A first electrode may be a positive electrode, for example.

The positive electrode may be prepared by a method described below; however, the method of preparation is not necessarily limited thereto and can be suitably adjusted according to desired conditions.

First, a positive electrode active material composition may be prepared by mixing a positive electrode active material, which is a first electrode active material, and a conductive material, a binder, and a solvent. The prepared positive electrode active material composition may be coated and dried on a part of a current collector (e.g., an aluminum current collector), which is a first substrate, to thereby form a positive electrode plate.

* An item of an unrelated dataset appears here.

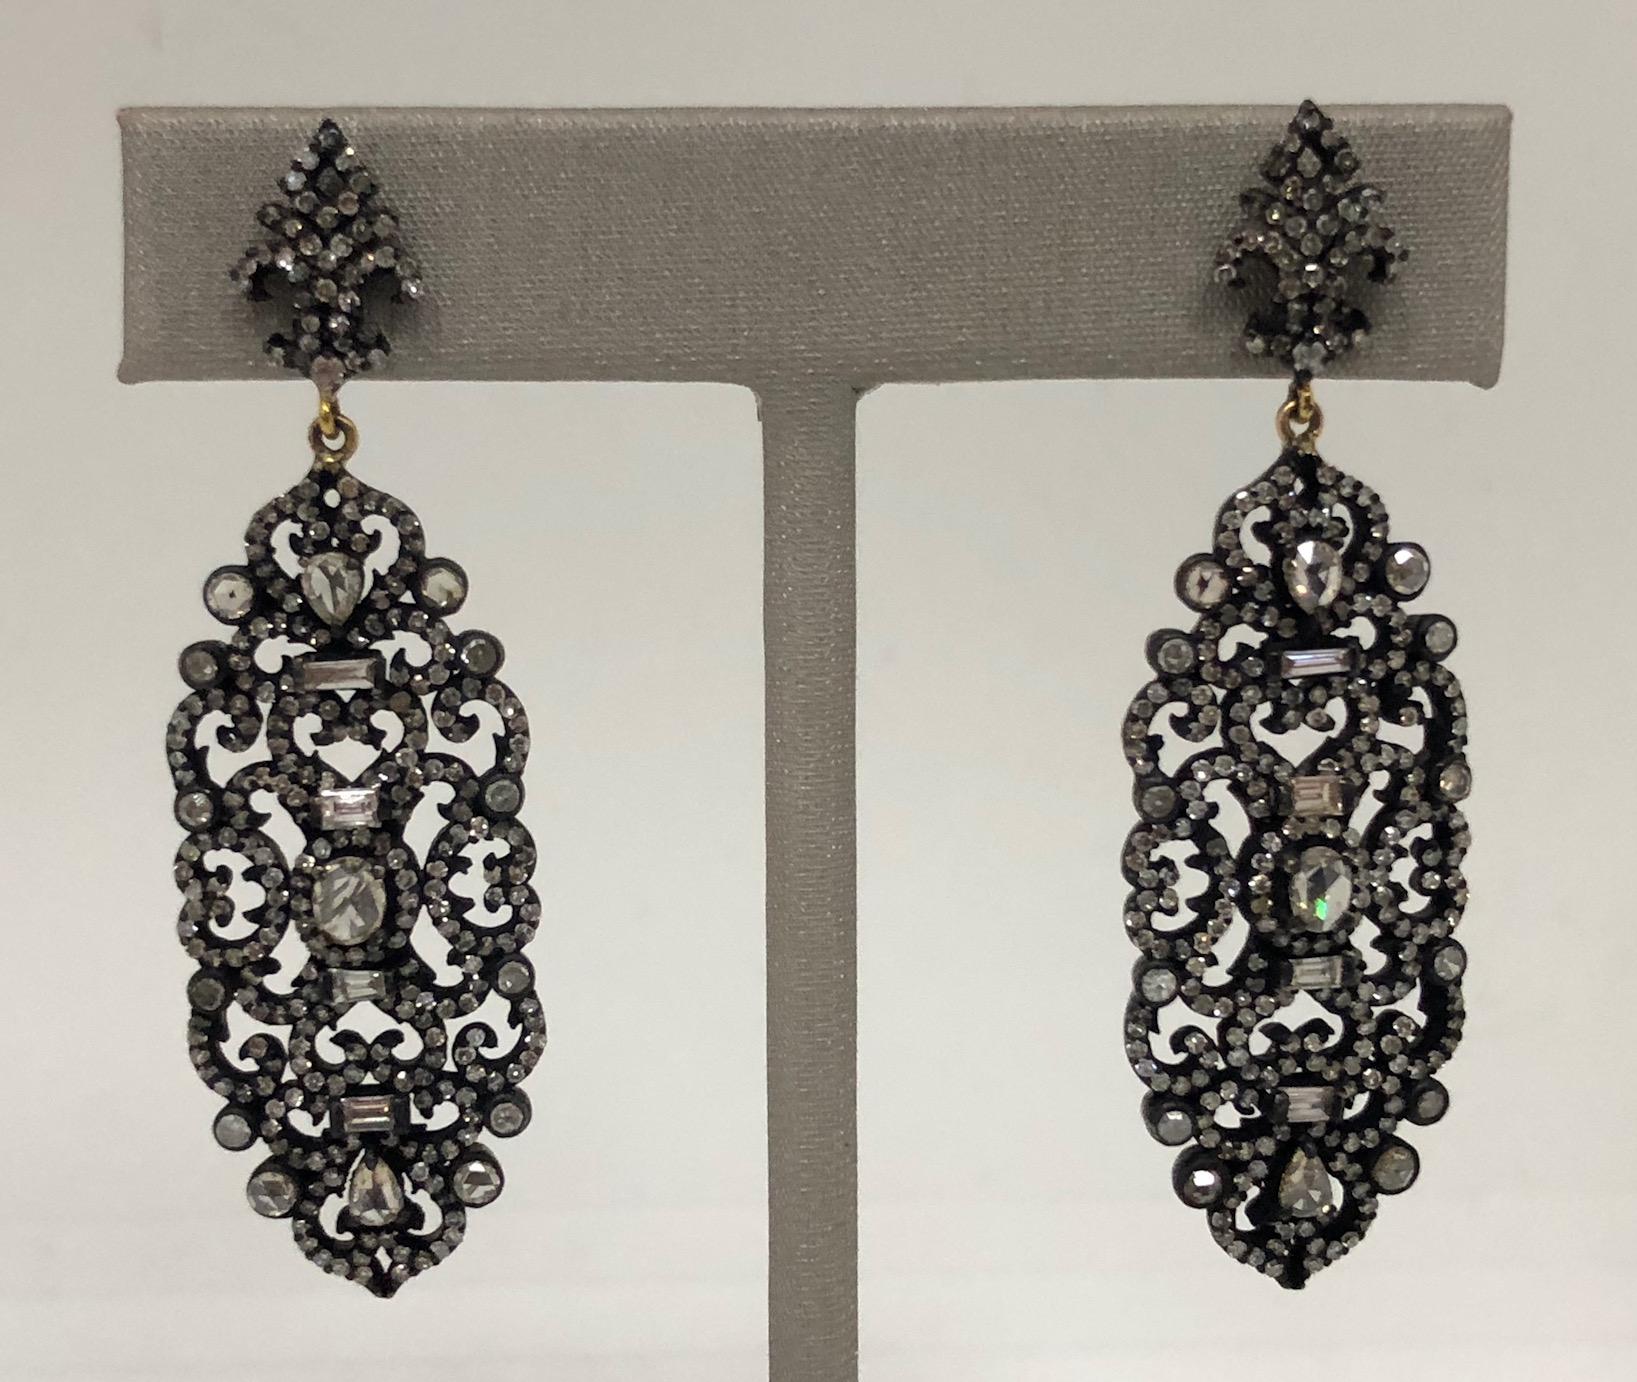 The blackened gold pendant style earrings are set with rustic, light brown, included, single, baguette and rose cut diamonds; the top is formed in the figure of a diamond set flour-de-lis, with ornate curved and swirled damask-style patterned

In some embodiments, the positive electrode active material composition may be cast on a separate support, and a film exfoliated from the support may be laminated on a current collector (e.g., an aluminum current collector) to thereby form a positive electrode plate.

The positive electrode plate may include a positive active material coated portion (e.g., a positive electrode active material layer) coated with a positive electrode active material on a current collector (e.g., an aluminum current collector), and a first uncoated portion 113 which is free of the positive electrode active material (i.e., without the positive electrode active material) on the current collector and disposed on one side of the positive active material coated portion.

The positive electrode active material may be a lithium-containing metal oxide, and may utilize any lithium-containing metal oxides commonly used in the related art without limitations. Examples of the positive electrode active material include one or more selected from composite oxides of lithium with a metal selected from among cobalt, manganese, nickel, and a combination thereof. The positive electrode active material may include at least one selected from the group consisting of lithium cobalt oxide, lithium nickel cobalt manganese oxide, lithium nickel cobalt aluminum oxide, lithium iron phosphate, and lithium manganese oxide. However, the positive electrode active material is not strictly limited to the aforementioned components and may be any positive electrode active material that is used as a positive electrode active material of a lithium battery in the related art.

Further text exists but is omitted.